The plus + 1.00 DS is a taught at optometry school and a test used during subjective refraction. This blur check is performed towards the end of subjective refraction to determine if a young patient with accommodative capacity has been over-minused or under-plused, ie accommodating during the course of their refraction. The blur test is usually performed after the best sphere and cylinder have been determined and before any binocular balancing and binocular addition.

The procedure is:

  • Occlude one eye the left eye.
  • Place a +1.00 DS trial lens over the right eye.
  • If the original visual acuity was 6/4 (the average for a young patient) it should be reduced by four lines to about 6/12 with the +1.00 DS lens.
  • If the visual acuity is better than 6/12 with the +1.00 DS lens, it suggests the patient has been over-minussed and is accommodating.
  • Note, the four-line loss of visual acuity with the +1.00 DS lens is an average and it may be between 2-7 lines.

With such a large variation in visual acuity reduction, the question that comes to my mind, is: Is it worthwhile conducting this test? If the visual acuity only drops by 2 lines is this normal for the patient or have they been over-minused. While this is theoretically interesting and warrants discussion at optometry school such wide variability is clinically confusing and the test should not be included in optometry school clinical curricula.

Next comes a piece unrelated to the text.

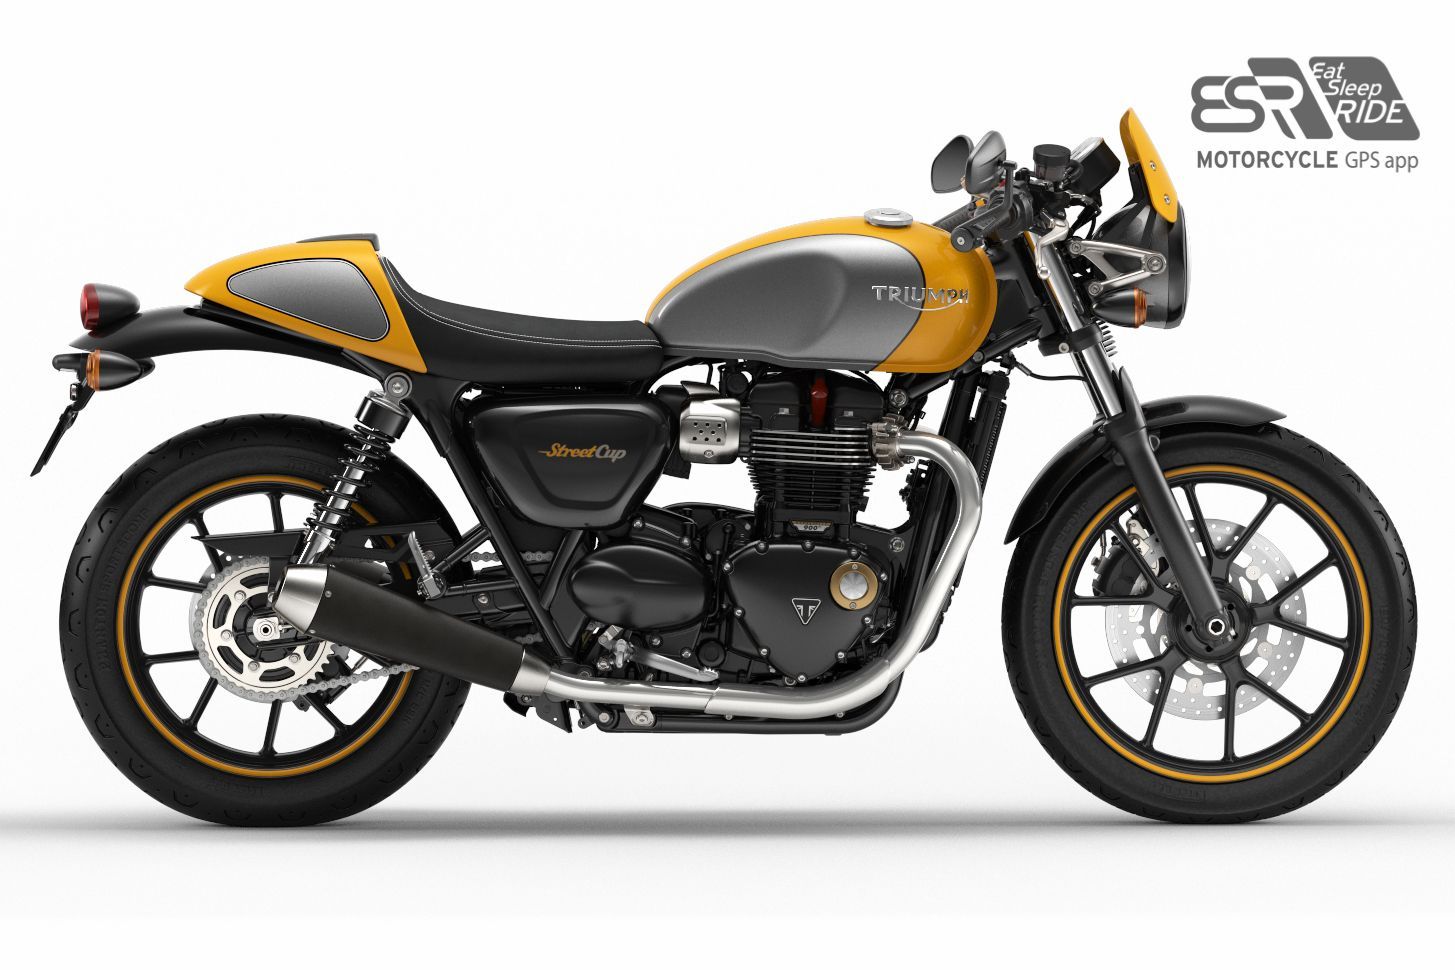 TRIUMPH 2017 RACING YELLOW STREET CUP launched at INTERMOT

An excellent research paper, dedicated to what some would consider a mundane topic, highlights the problems with the +1.00 DS blur test and offers good explanations for the variability.

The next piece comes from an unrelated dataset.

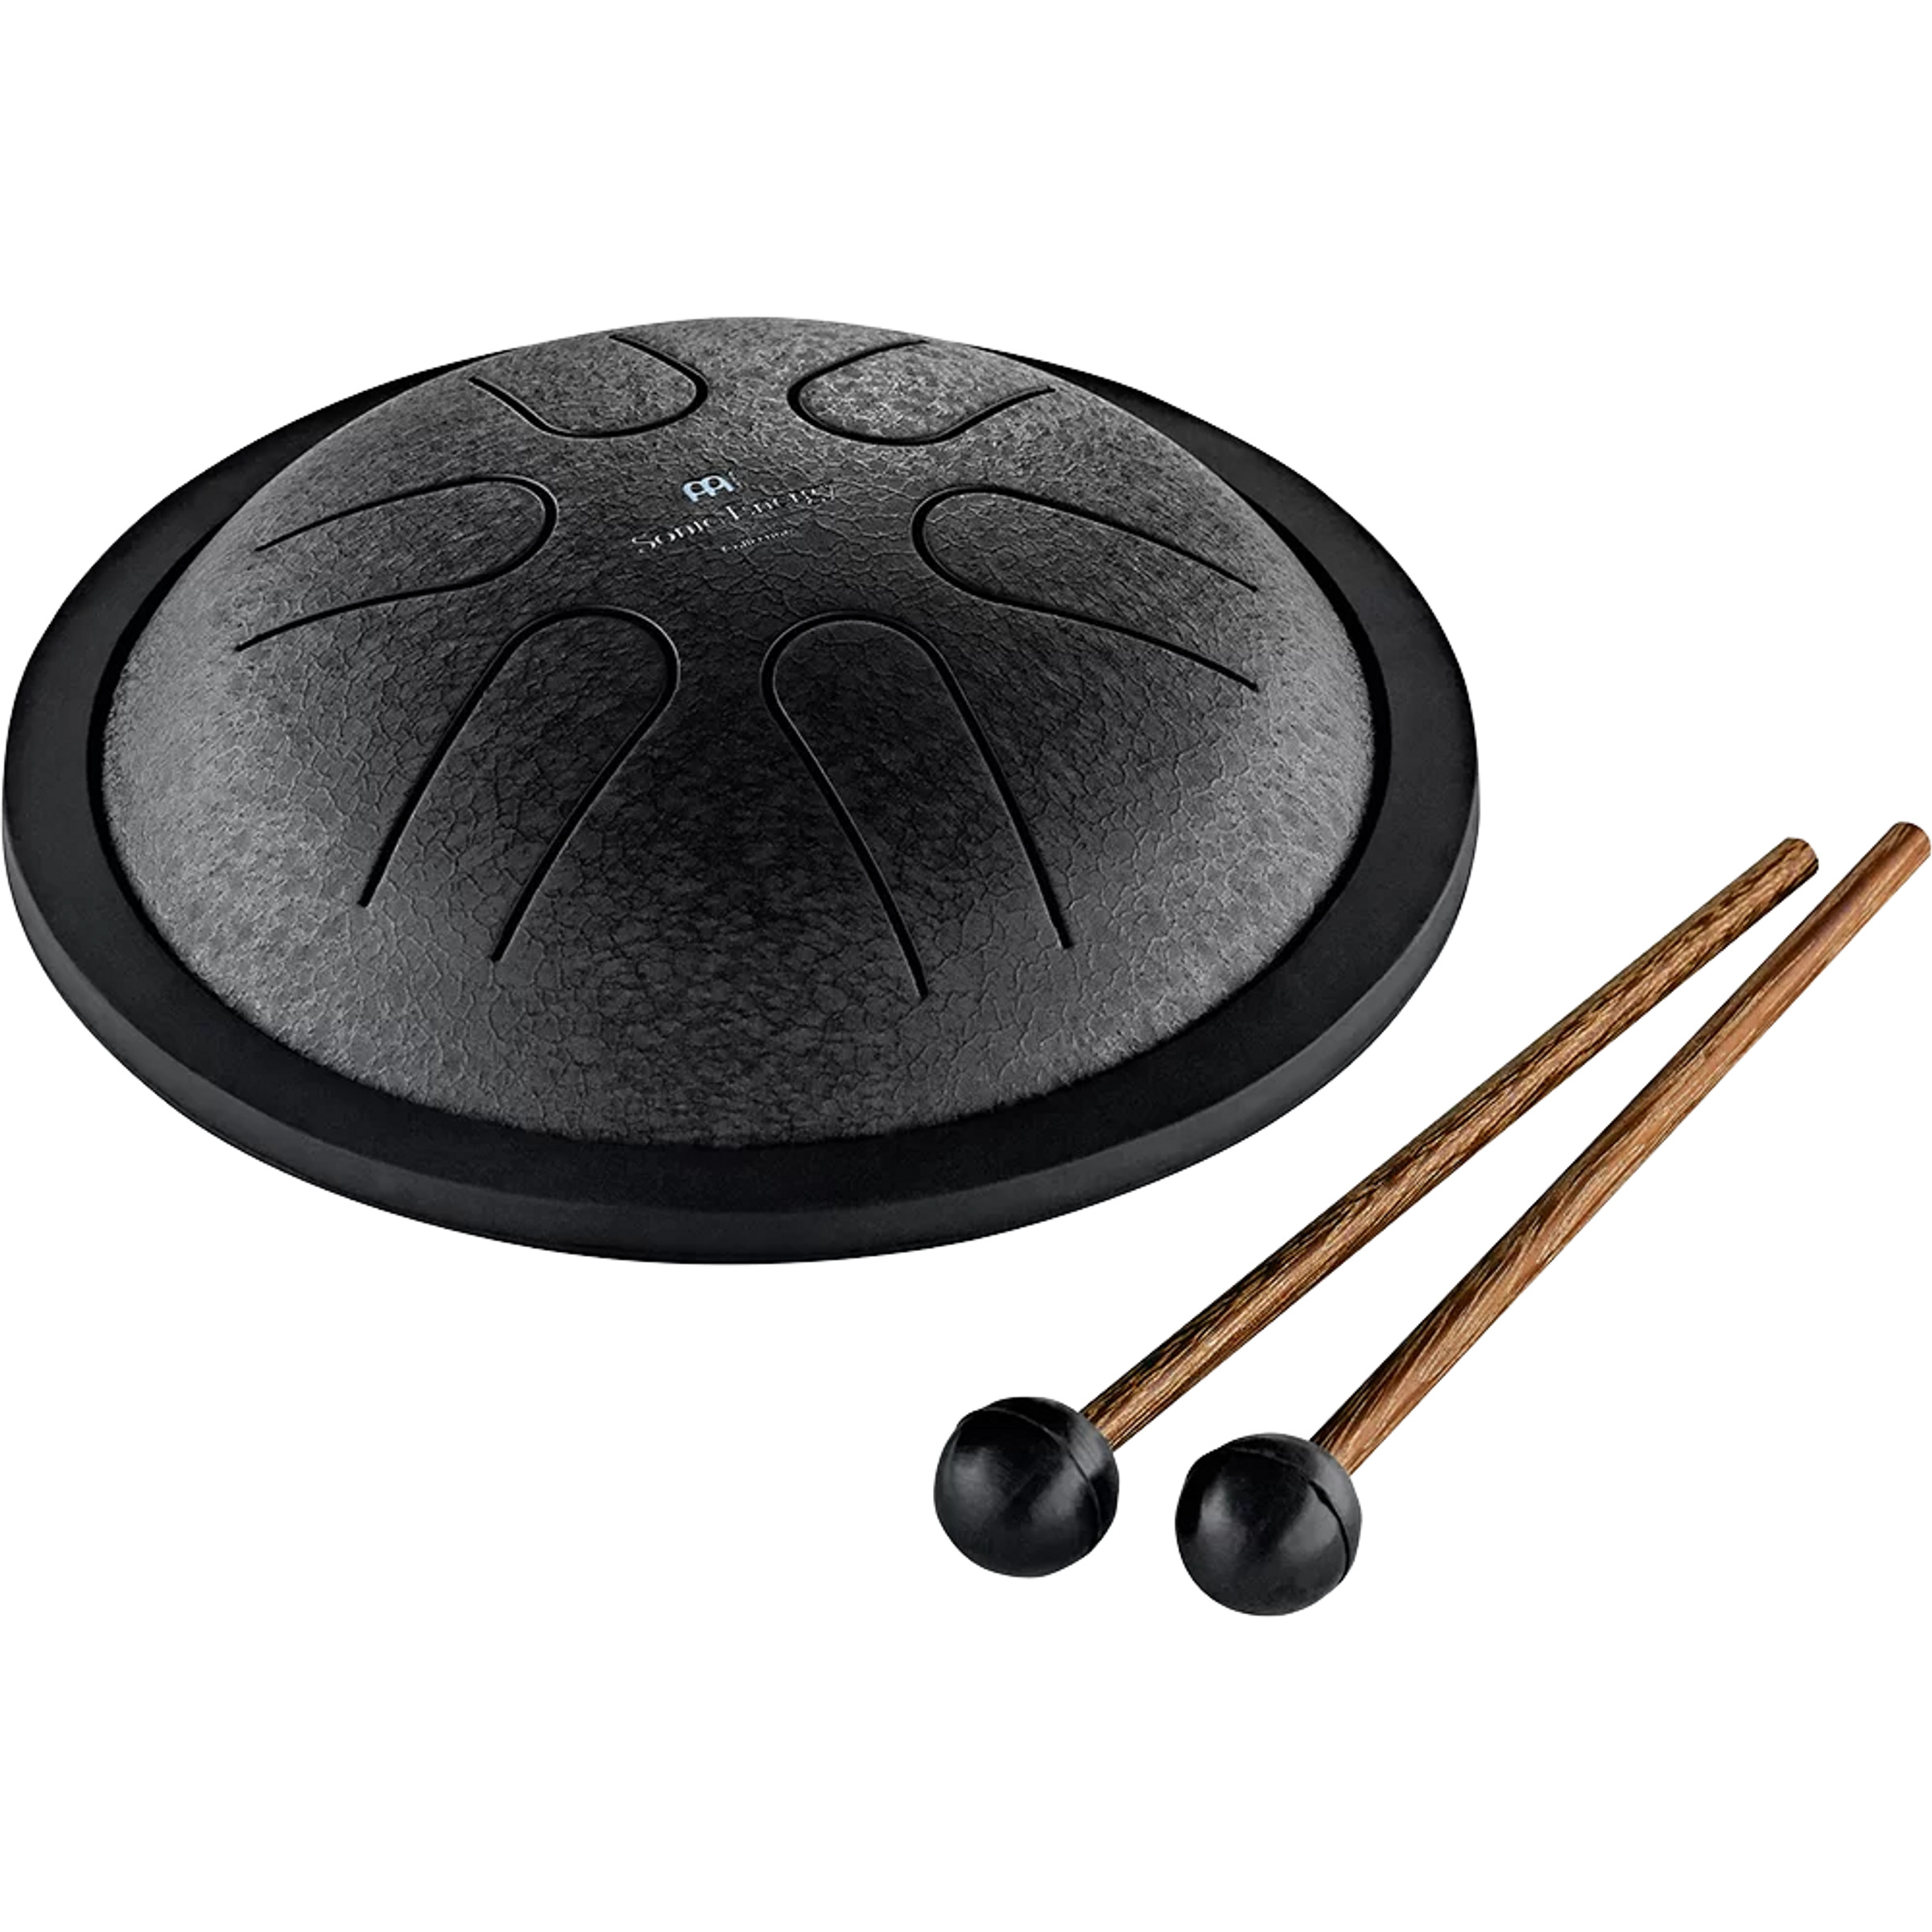 ChunFeng Steel Tongue Drum -14 Inches 15 Notes Handpan Healing

The authors state that the large range of normal values for the +1.00 DS blur test is not due to unreliable measurements, but probably due to variability in ocular optics or perceptual interpretation of reduced quality retinal images. These vary from person to person. Some people are just better at interpreting blurred letters than others.

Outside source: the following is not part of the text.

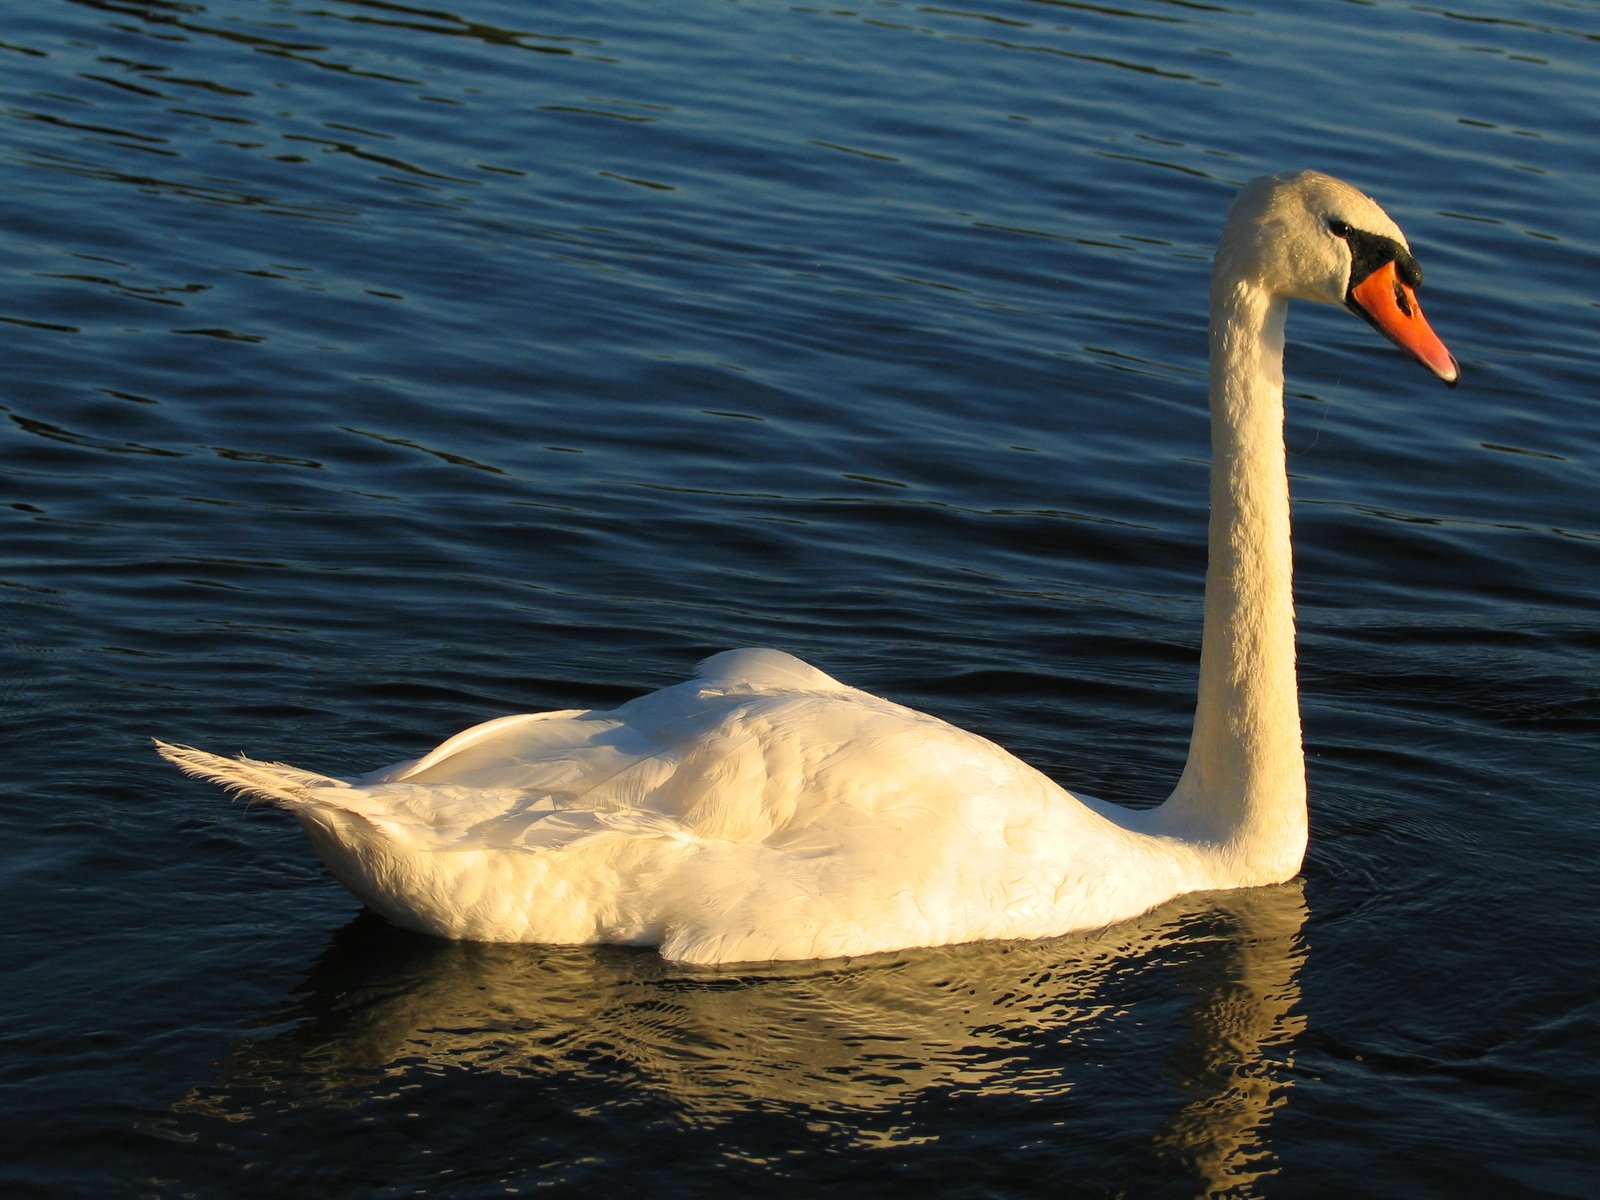 the swan swims in the water and is white

In addition, larger reductions in visual acuity with the +1.00 DS test appeared to be partly due to large pupils, while smaller reductions in VA are associated with small pupils.

Also, average visual acuity levels with a +1.00 DS blur depend on the original visual acuity. If the original visual acuity is about 6/4, then visual acuity will blur to about 6/12+ with a +1.00 DS. However, note that 6/9 or even 6/6 visual acuity with the +1.00 DS may not necessarily indicate that the patient has been over-minused or under-plussed. Such values would, however, indicate that the spherical endpoint of the refractive correction should be rechecked.

There are two many factors affecting the results from the +1.00 DS blur test and there are all beyond the control of the practitioner. It’s a poor test that is, in my experience, used by only a few practitioners. It should be dropped from the curricula used at optometry school.